## WORK ORDER
Return the lines of the listing below exactly as they appear, beginning at the one with "Какую входную дверь" and stopping after the one with "Citratzyklus - Krebs-zyklus"; do not include pictures.

## DATA TO USE
##########
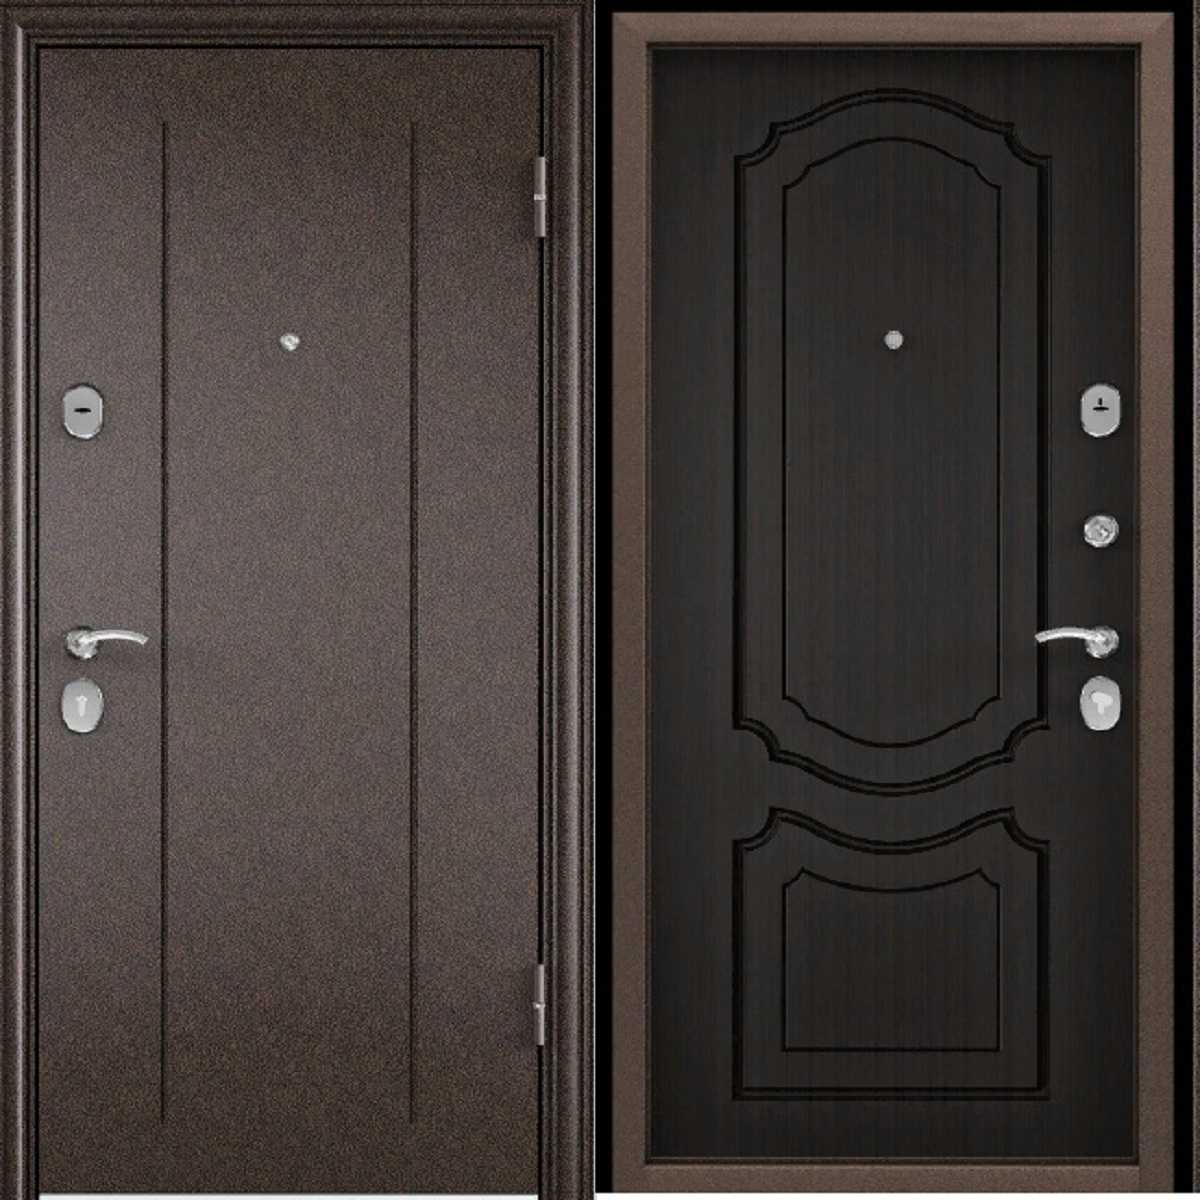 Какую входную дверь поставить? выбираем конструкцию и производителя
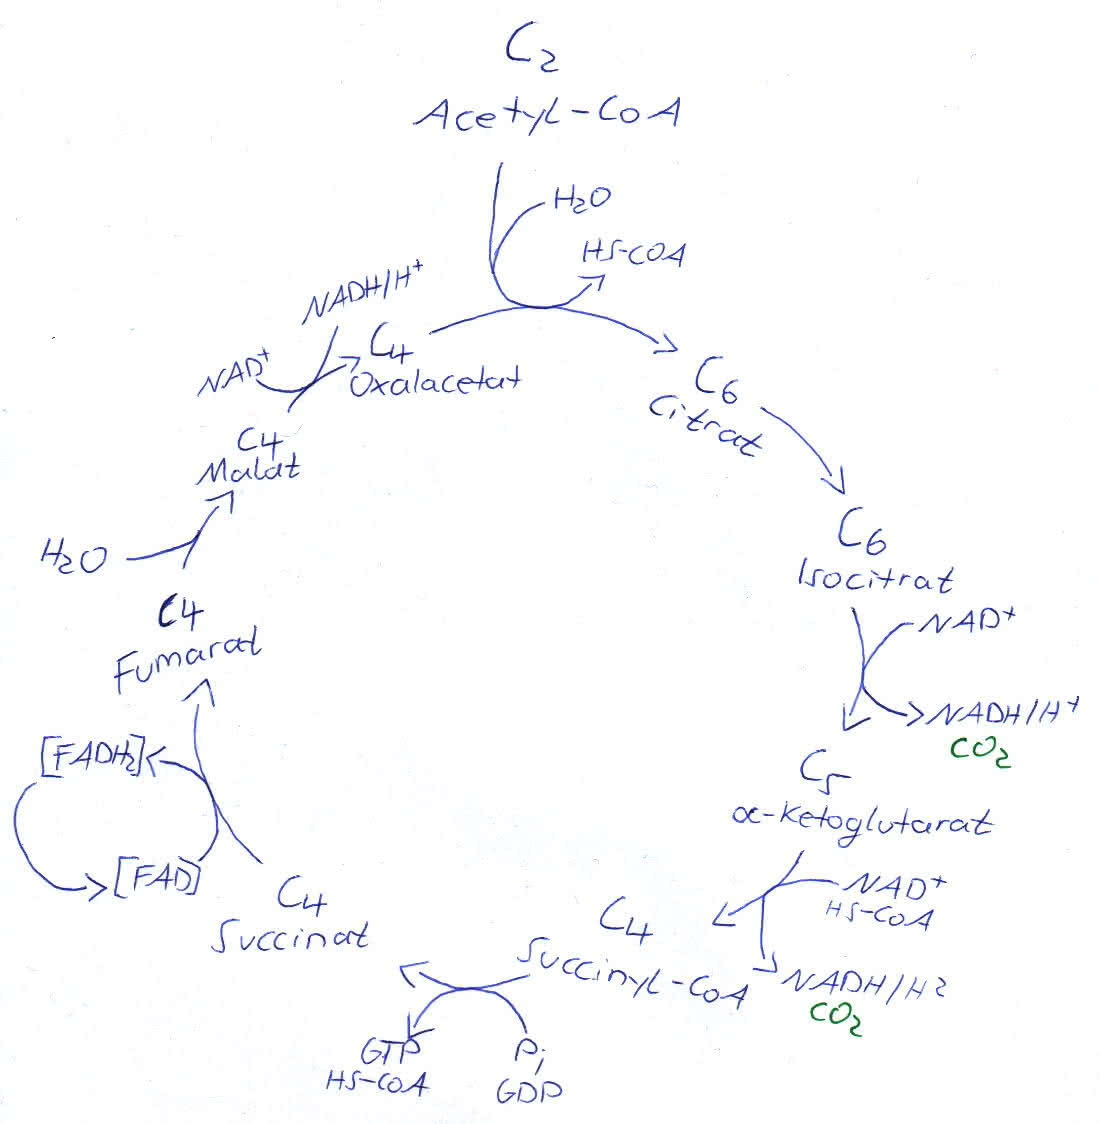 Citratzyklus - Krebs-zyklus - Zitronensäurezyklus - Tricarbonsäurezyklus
##########
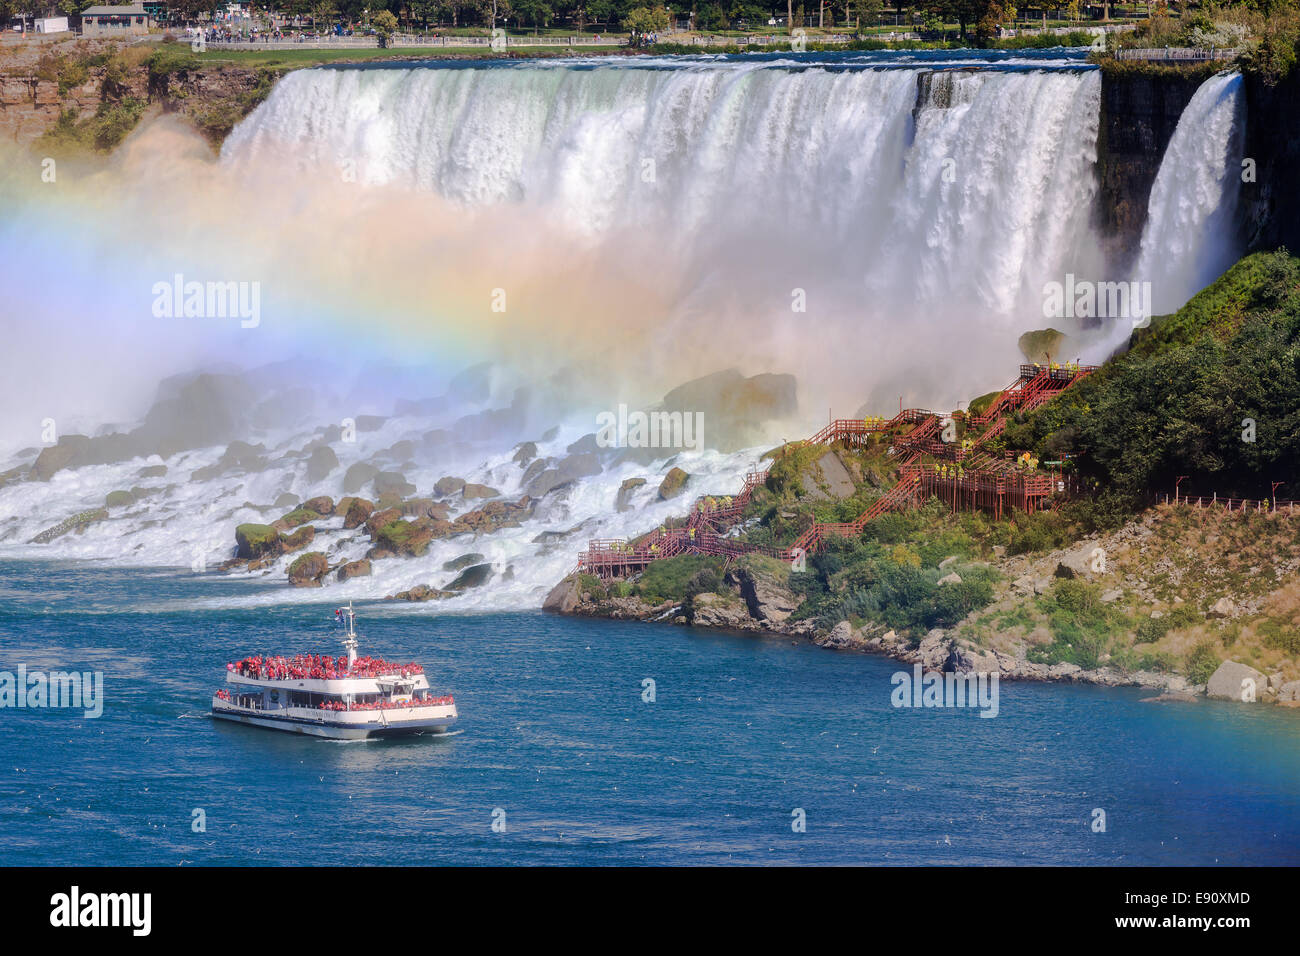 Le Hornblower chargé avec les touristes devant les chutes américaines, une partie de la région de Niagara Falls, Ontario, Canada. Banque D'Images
##########
## SOLUTION TO THIS PROBLEM
 Какую входную дверь поставить? выбираем конструкцию и производителя
 Citratzyklus - Krebs-zyklus - Zitronensäurezyklus - Tricarbonsäurezyklus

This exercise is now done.